Choi SH, Byun Y, Lee G - J. Korean Med. Sci. (2009)

Bottom Line: These all peaked within 12 hr post injection and they tended to decrease thereafter.In conclusion, CP reduced the expression of UPs.The reduction of the UPs mRNA and protein was time dependent, and this peaked within 12 hr after CP injection.

View Article: PubMed Central - PubMed

Affiliation: Department of Urology, Dankook University College of Medicine, Cheonan, Korea.

ABSTRACT
Even though uroplakins (UPs) are believed to serve a strong protective barrier against toxic materials, cyclophosphamide (CP) causes extensive cystitis. We investigated the expression of UPs in the urothelium in CP induced mouse cystitis.
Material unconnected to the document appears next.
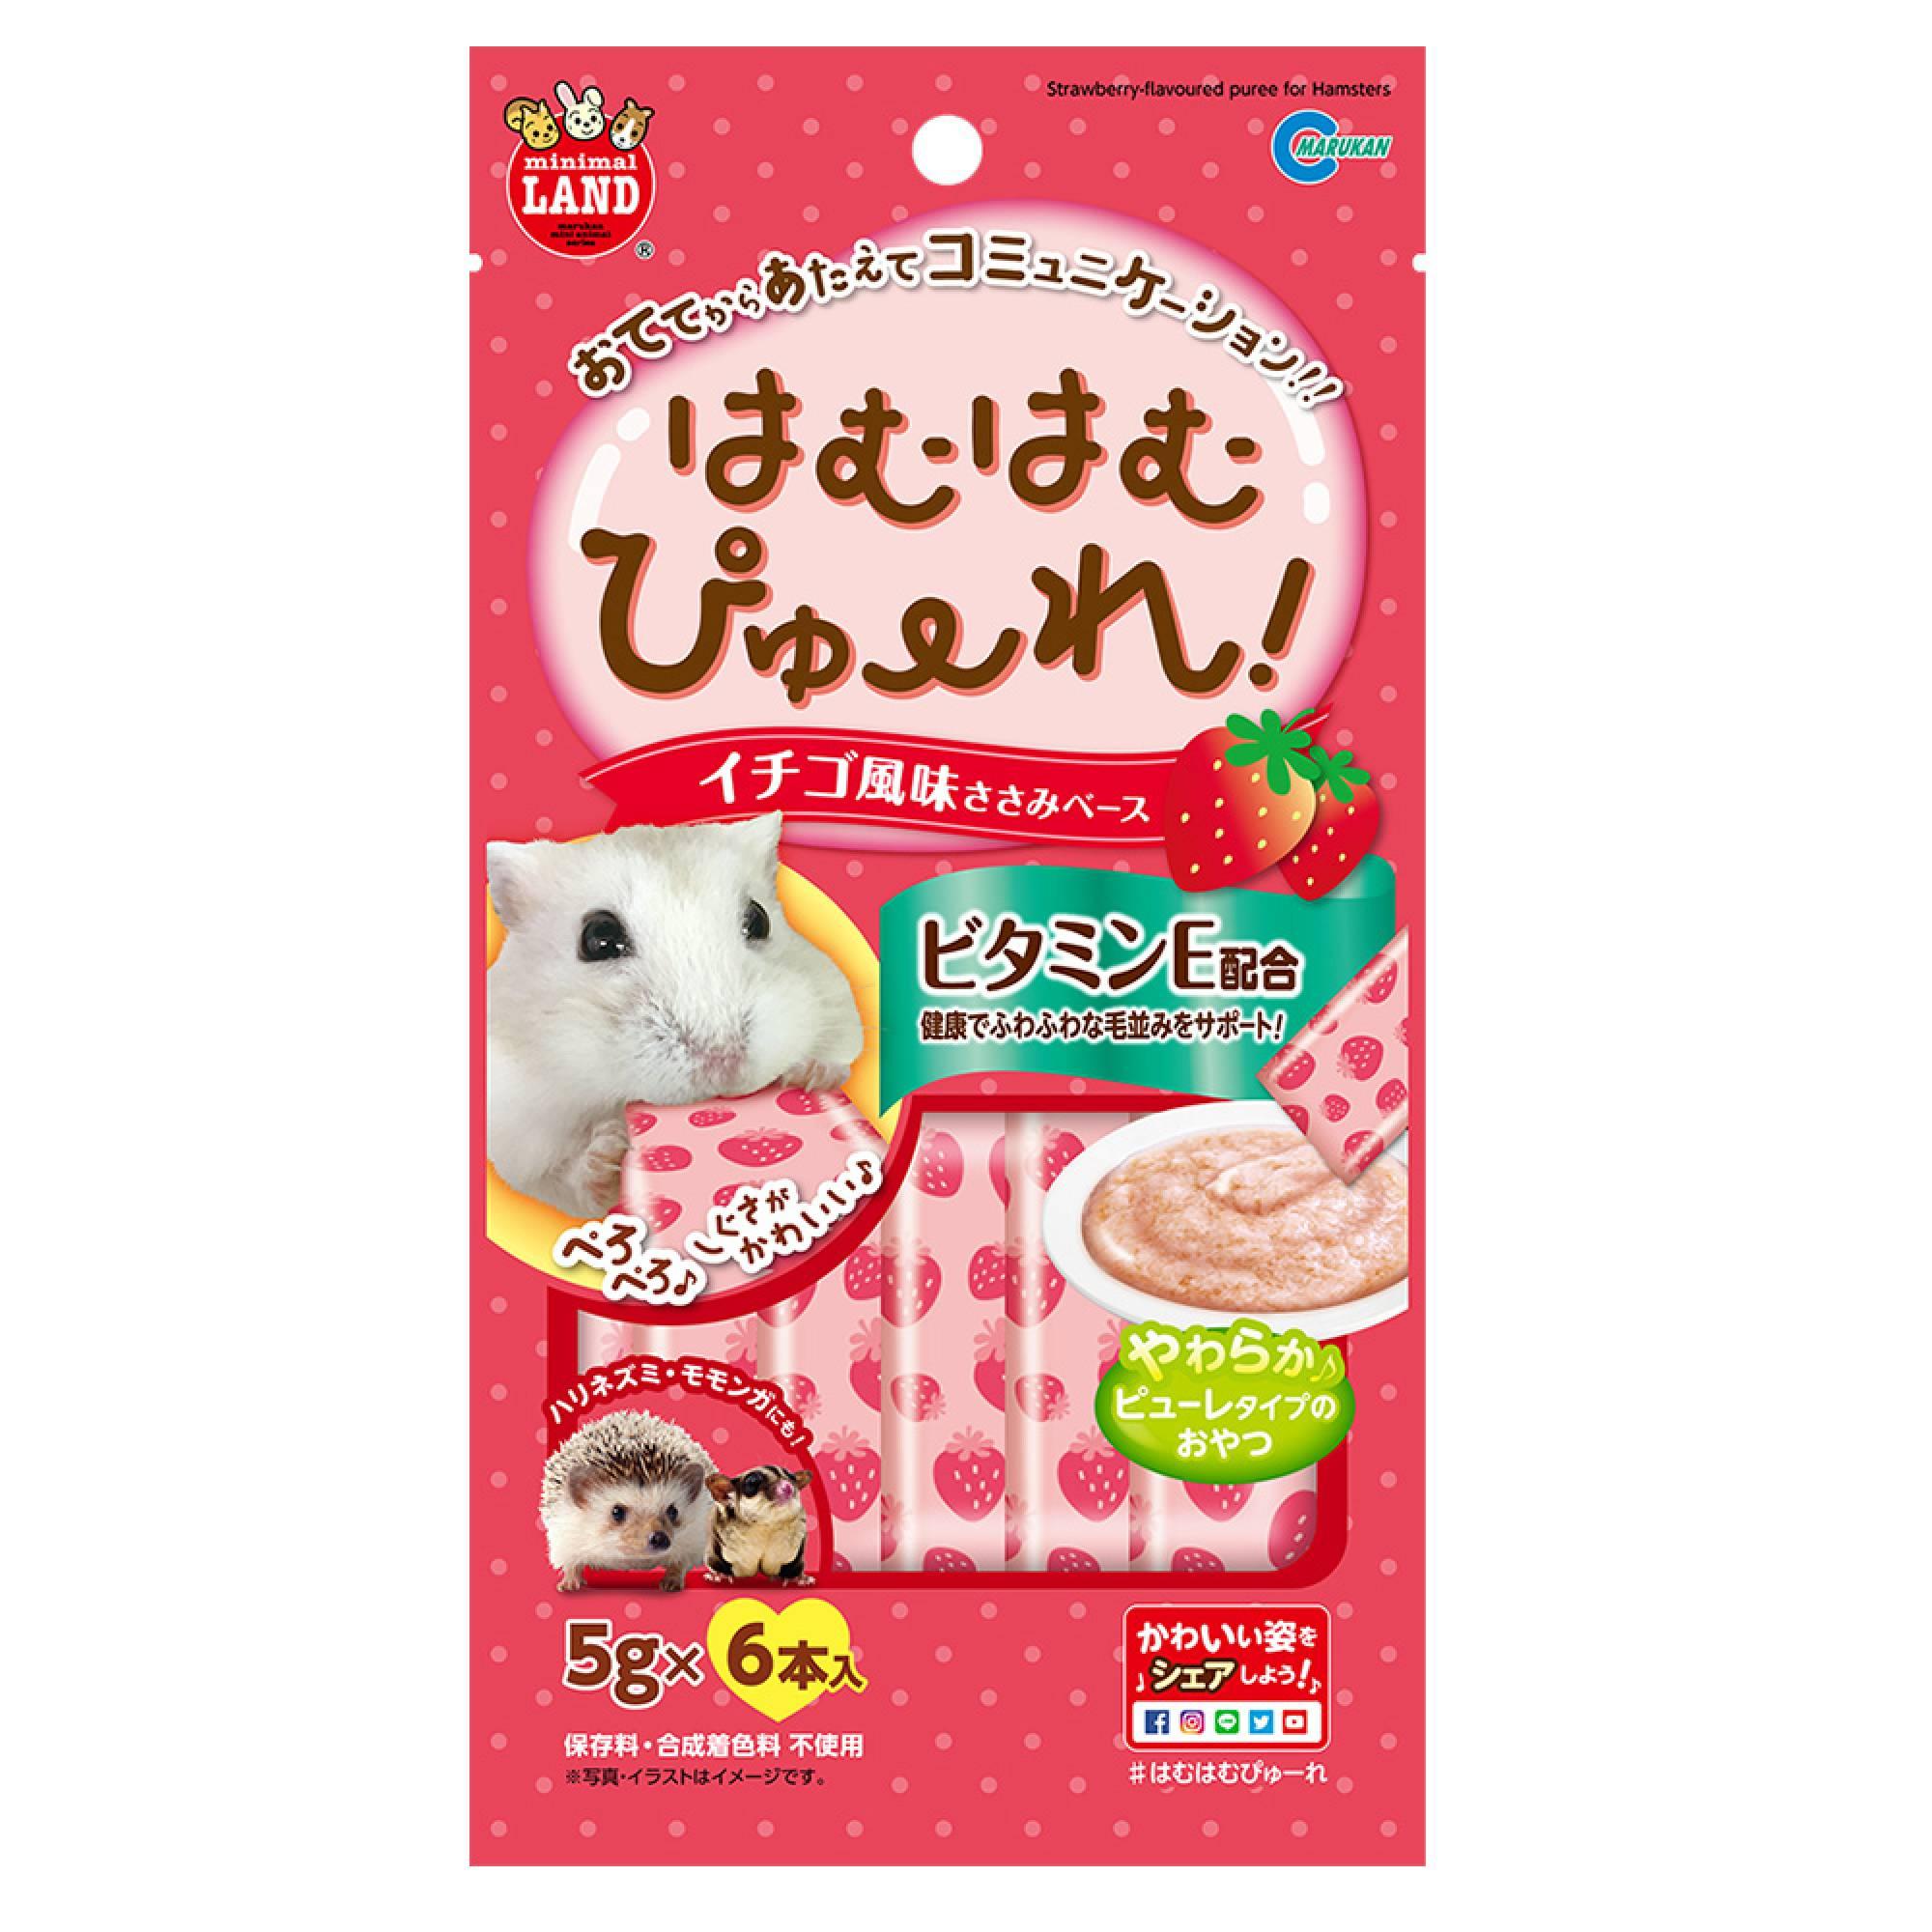 Marukan MR845 - Hamster Puree Strawberry Flavor 5gx6

A total of 27 ICR female mice received a single intraperitoneal injection of 200 mg CP/kg. Nine CP-treated mice and 6 controls were sequentially killed at 12, 24, and 72 hr post injection. Extensive cystitis and an increased vesical weight were seen. These all peaked within 12 hr post injection and they tended to decrease thereafter. The level of all the UPs mRNA, the protein expressions of UP II and III on immunoblotting study, and the expression of UP III on immunolocalization study were maximally suppressed within 12 hr; this partially recovered at 24 hr, and this completely recovered at 72 hr post CP injection. In conclusion, CP reduced the expression of UPs. The reduction of the UPs mRNA and protein was time dependent, and this peaked within 12 hr after CP injection. However, the damage was rapidly repaired within 24 hr. This study demonstrates a dynamic process, an extensive reduction and rapid recovery, for the UPs expression of the mouse urinary bladder after CP injection.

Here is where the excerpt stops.